A multi-methods scholar, Noliwe Rooks is the L. Herbert Ballou University Professor in Africana Studies at Brown University, and the chair of Africana Studies. Her award-winning scholarship explores how education, beauty, race, and gender both impact and are impacted by popular culture, social history, and political life in the United States.
The author of six books and numerous articles, essays, and op-ed’s, the New York Public Library named Rooks’ latest book, Integrated: How Schools in America Failed Black Children as a Best Book in 2025, and she earned a 2025 NAACP Image Award nomination for nonfiction for her fifth monograph, A Passionate Mind in Relentless Pursuit: The Vision of Mary McLeod Bethune. In 2018, she earned an award for nonfiction from the Hurston/Wright Foundation for Cutting School: The Segrenomics of American Education. She has received research funding from the Ford Foundation and the Mellon Foundation among others.

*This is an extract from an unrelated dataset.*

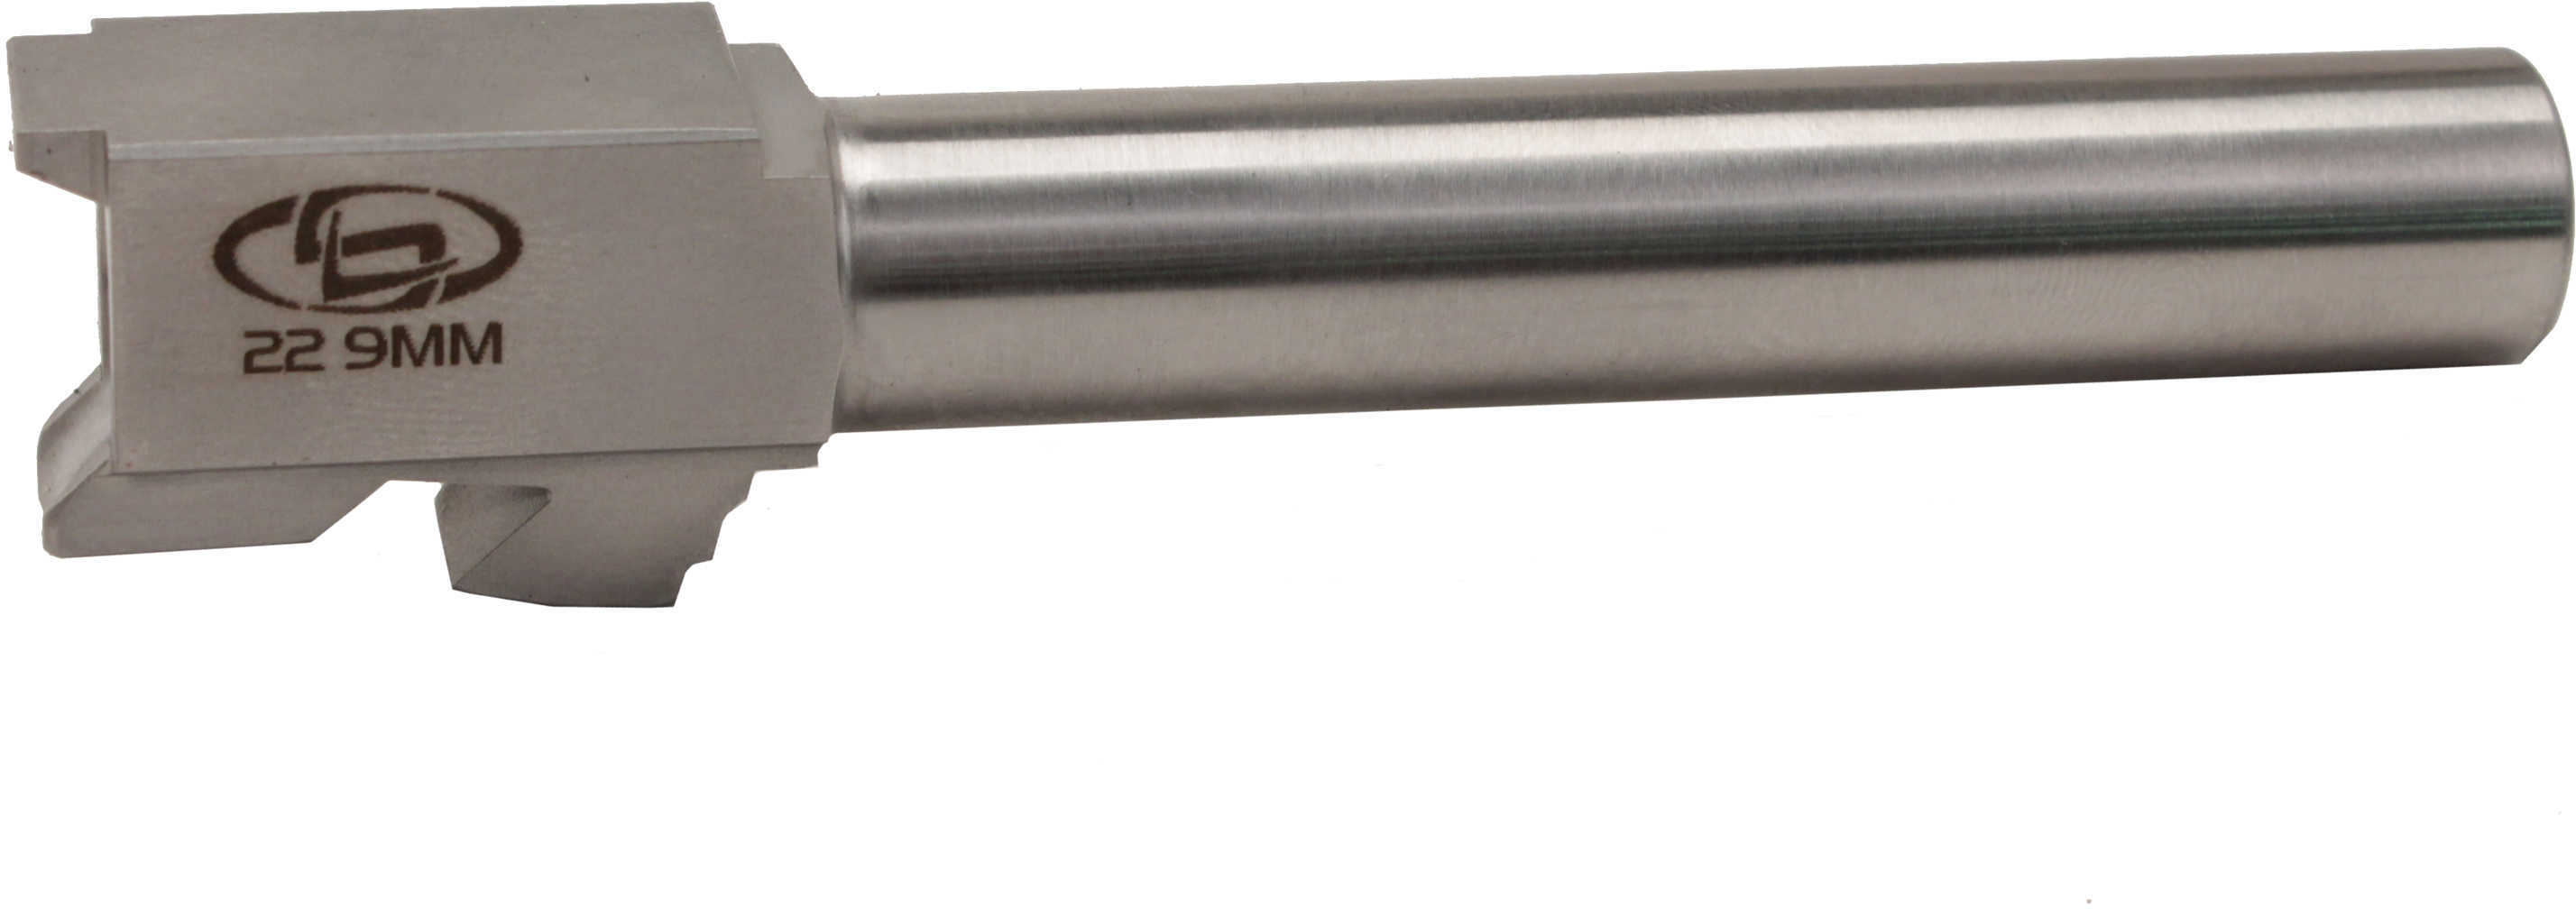 Storm Lake Barrel for Glock 22 40 S&W To 9MM Conversion 4.49"
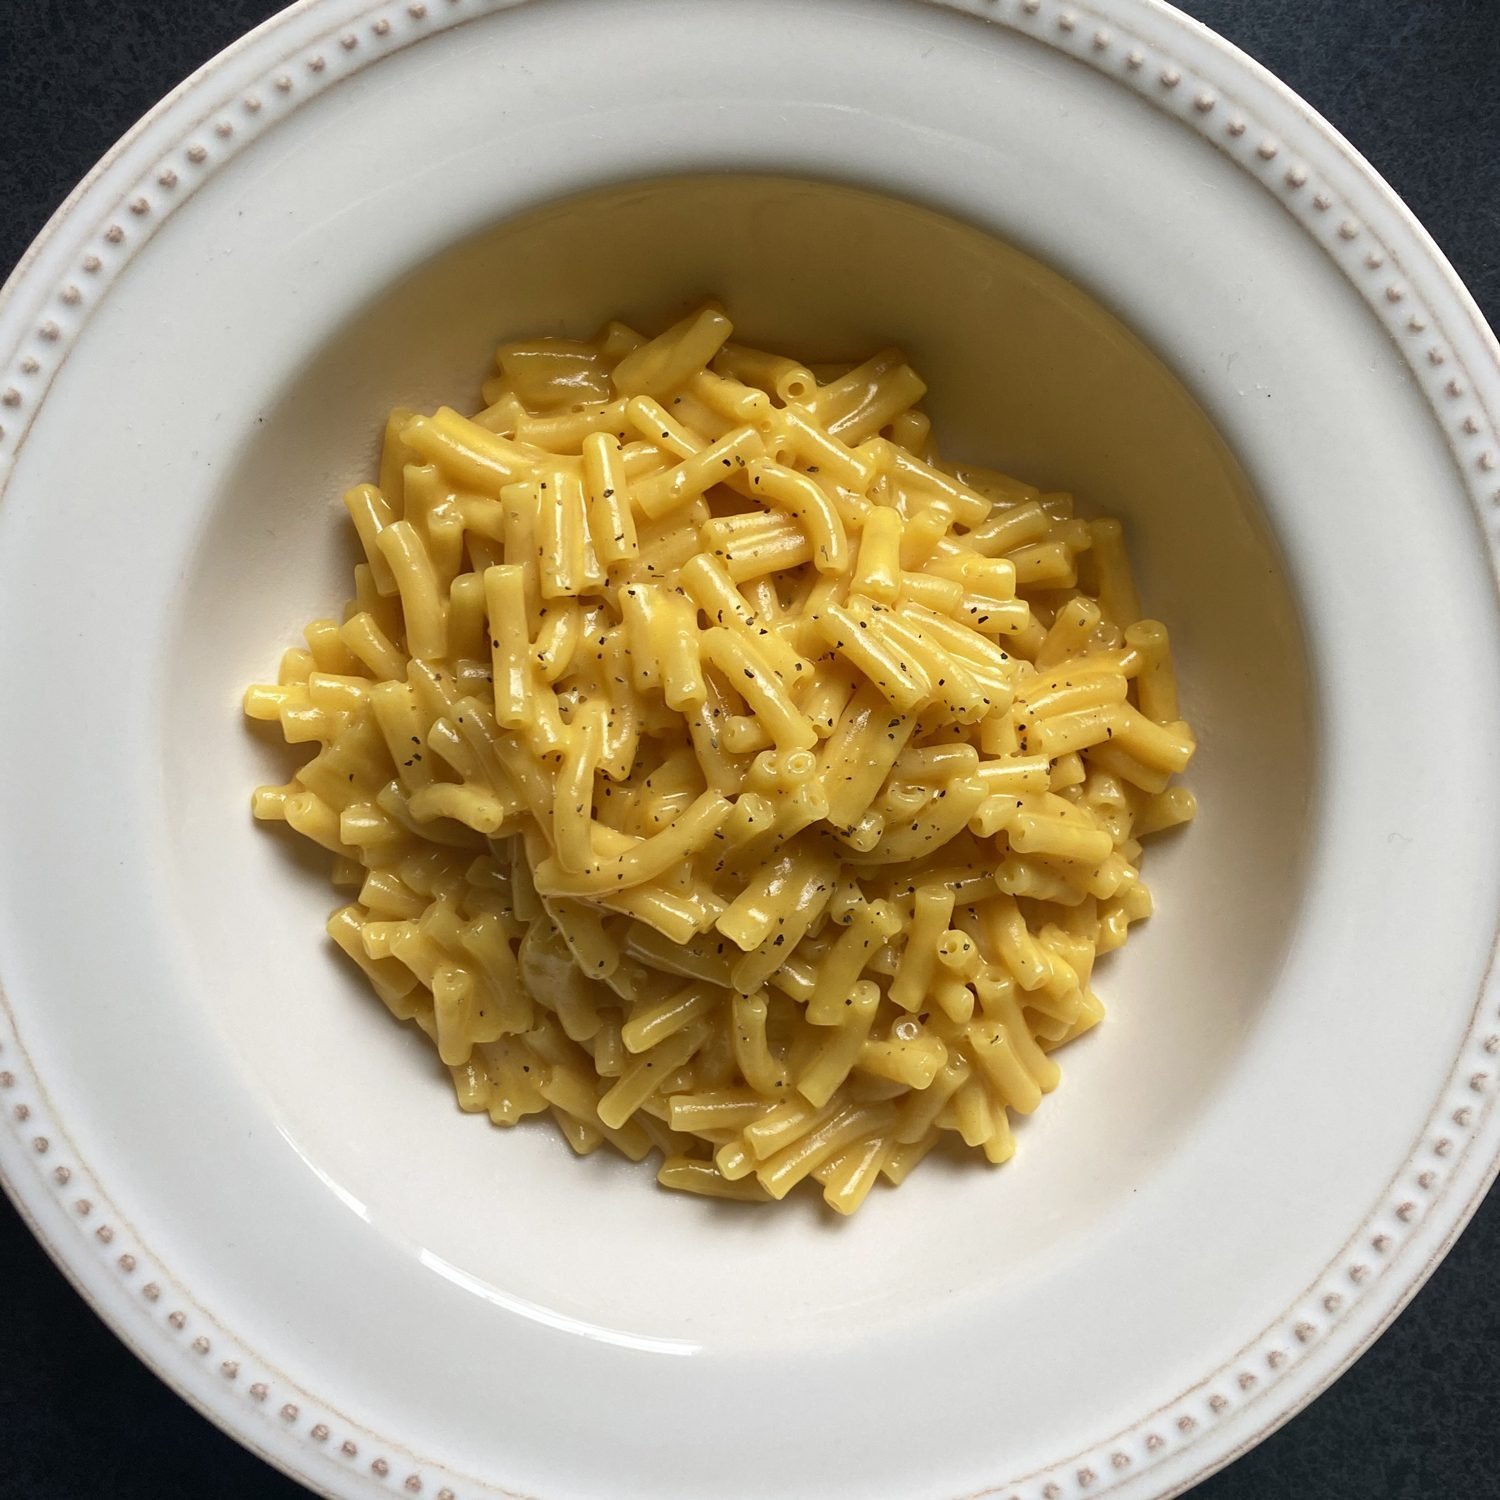 https://www.rd.com/wp-content/uploads/2021/09/tik-tok-mac-and-cheese01_Hannah-Twietmeyer-for-Taste-of-Home.jpg?fit=700%2C1024

She lectures frequently at colleges and universities around the country and is a contributor to popular outlets such as The New York Times, The Washington Post, The Chronicle of Higher Education, Time Magazine and NPR.
Inducted into the Society of American Historians, and Morehouse College’s Society of Fellows in 2025, her most recent book, Integrated: How American Schools Failed Black Children (Pantheon, 2025)is about how the implementation of integration/desegregation strategies impacted Black children and communities, and explores four generations of her family history with education in the United States.